- Dołączył: 2008-03-10
- Miasto: Londyn
- Liczba postów: 13044
23 marca 2011, 10:34
Tak od jakiegos czasu, chodzi mi po glowie, aby zdobyc kwalifikacje trenera osobistego. Sporo to nauki i kasy, wiec musze to dobrze przemyslec, bo nie zamierzam rezygnowac z obecnej pracy, tylko chcialabym to robic wieczorami i w weekendy. Moje pytanko - czy jezeli mialybyscie placic za trenerke 1 na 1, to czy oczekiwalybyscie, ze ta osoba wyglada bardzo wysportowanie i ogolnie bosko czy 'w miare przyzwoity' wyglad wystarczy? Ja jestem dosc umiesniona, ale z warstewka tluszczyku. Nie wiem czy bym byla dobra wizytowka dla siebie.... Wygladam mniej wiecej jak na fotkach ponizej, ale mam teraz jakies 3kg mniej.
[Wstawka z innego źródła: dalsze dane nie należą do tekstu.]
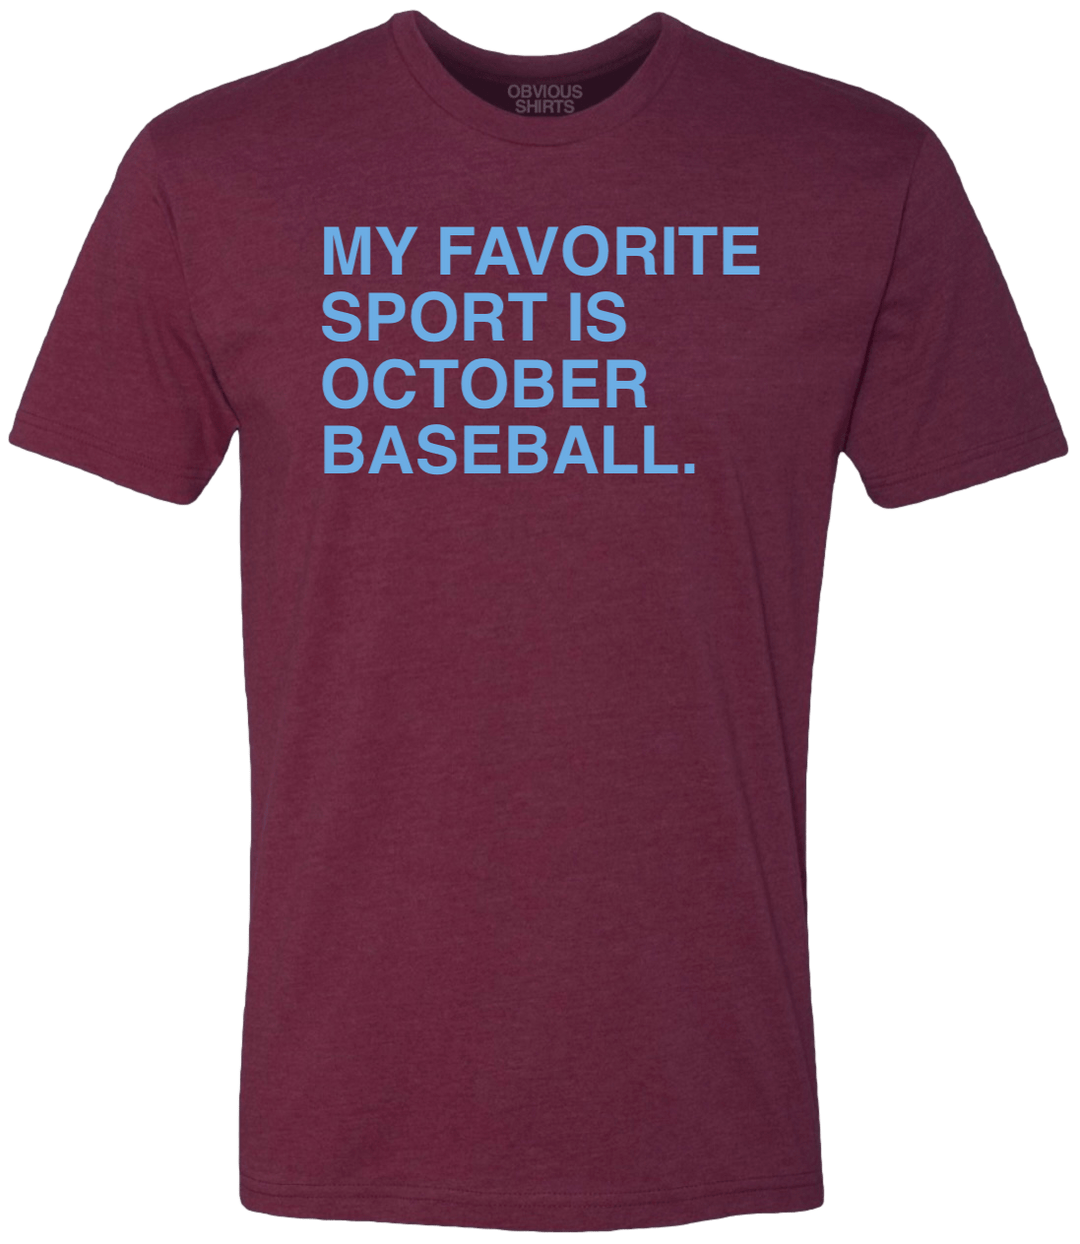 MY FAVORITE SPORT IS OCTOBER BASEBALL. - OBVIOUS SHIRTS

SORKA ZA SPITA MINE I GLUPIA POZE :P
![](http://a2.sphotos.ak.fbcdn.net/hphotos-ak-snc3/31265_429584671578_529636578_5532137_8332330_n.jpg)
23 marca 2011, 11:56
Mnie bardziej by interesowały osiągi niż wygląd trenera (nie każdy ma "gen" czy predyspozycje), celowałbym w osobę, która wytrenowała już ludzi z jakimiś osiągami, a nie w kogoś kto dorabia sobie tylko okazjonalnie bo ma papier... Dla porównania teraz w swojej dziedzinie bardzo sobię cenię rady 70 letniego, pomarszczonego staruszka niż jakiegoś dwudziestoparoletniego Apolla ;P Doświadczenie to jest to!
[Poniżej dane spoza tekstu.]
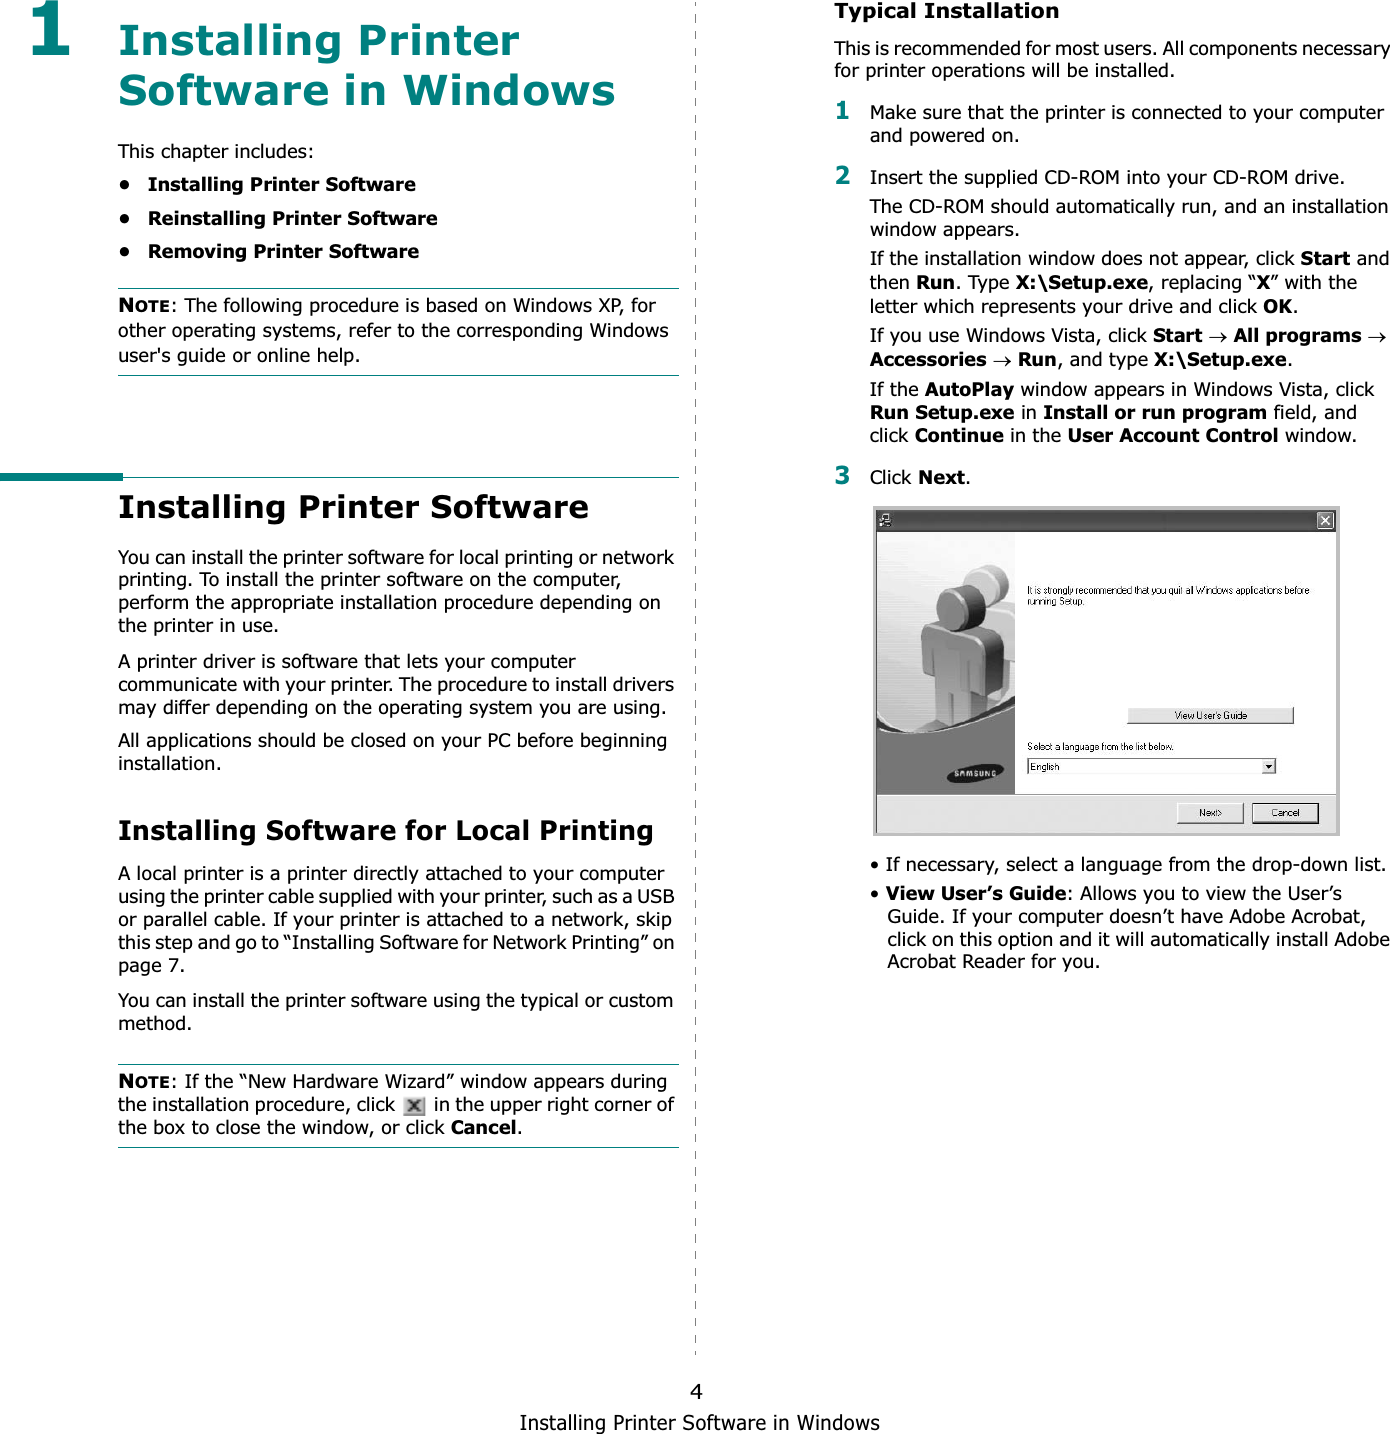 Installing Printer Software in Windows41Installing Printer Software in WindowsThis chapter includes:• Installing Printer Software• Reinstalling Printer Software• Removing Printer SoftwareNOTE: The following procedure is based on Windows XP, for other operating systems, refer to the corresponding Windows user&apos;s guide or online help.Installing Printer SoftwareYou can install the printer software for local printing or network printing. To install the printer software on the computer, perform the appropriate installation procedure depending on the printer in use.A printer driver is software that lets your computer communicate with your printer. The procedure to install drivers may differ depending on the operating system you are using.All applications should be closed on your PC before beginning installation. Installing Software for Local PrintingA local printer is a printer directly attached to your computer using the printer cable supplied with your printer, such as a USB or parallel cable. If your printer is attached to a network, skip this step and go to “Installing Software for Network Printing” on page 7.You can install the printer software using the typical or custom method.NOTE: If the “New Hardware Wizard” window appears during the installation procedure, click   in the upper right corner of the box to close the window, or click Cancel.Typical InstallationThis is recommended for most users. All components necessary for printer operations will be installed.1Make sure that the printer is connected to your computer and powered on.2Insert the supplied CD-ROM into your CD-ROM drive.The CD-ROM should automatically run, and an installation window appears.If the installation window does not appear, click Start and then Run. Type X:\Setup.exe, replacing “X” with the letter which represents your drive and click OK.If you use Windows Vista, click StartoAll programsoAccessoriesoRun, and type X:\Setup.exe.If the AutoPlay window appears in Windows Vista, click Run Setup.exe in Install or run program field, and click Continue in the User Account Control window.3Click Next.• If necessary, select a language from the drop-down list.•View User’s Guide: Allows you to view the User’s Guide. If your computer doesn’t have Adobe Acrobat, click on this option and it will automatically install Adobe Acrobat Reader for you.

Oczywiście nie twierdzę, że ktoś kto zajmuje się coachingiem "po godzinach" musi być gorszy :) Ale liczą się przecież tylko efekty!
PS. Sylwetka (przynajmniej na takim zdjęciu) wygląda jak najbardziej przyzwoicie.
23 marca 2011, 12:21
Asieńko, dla mnie masz wygląd super trenerki:)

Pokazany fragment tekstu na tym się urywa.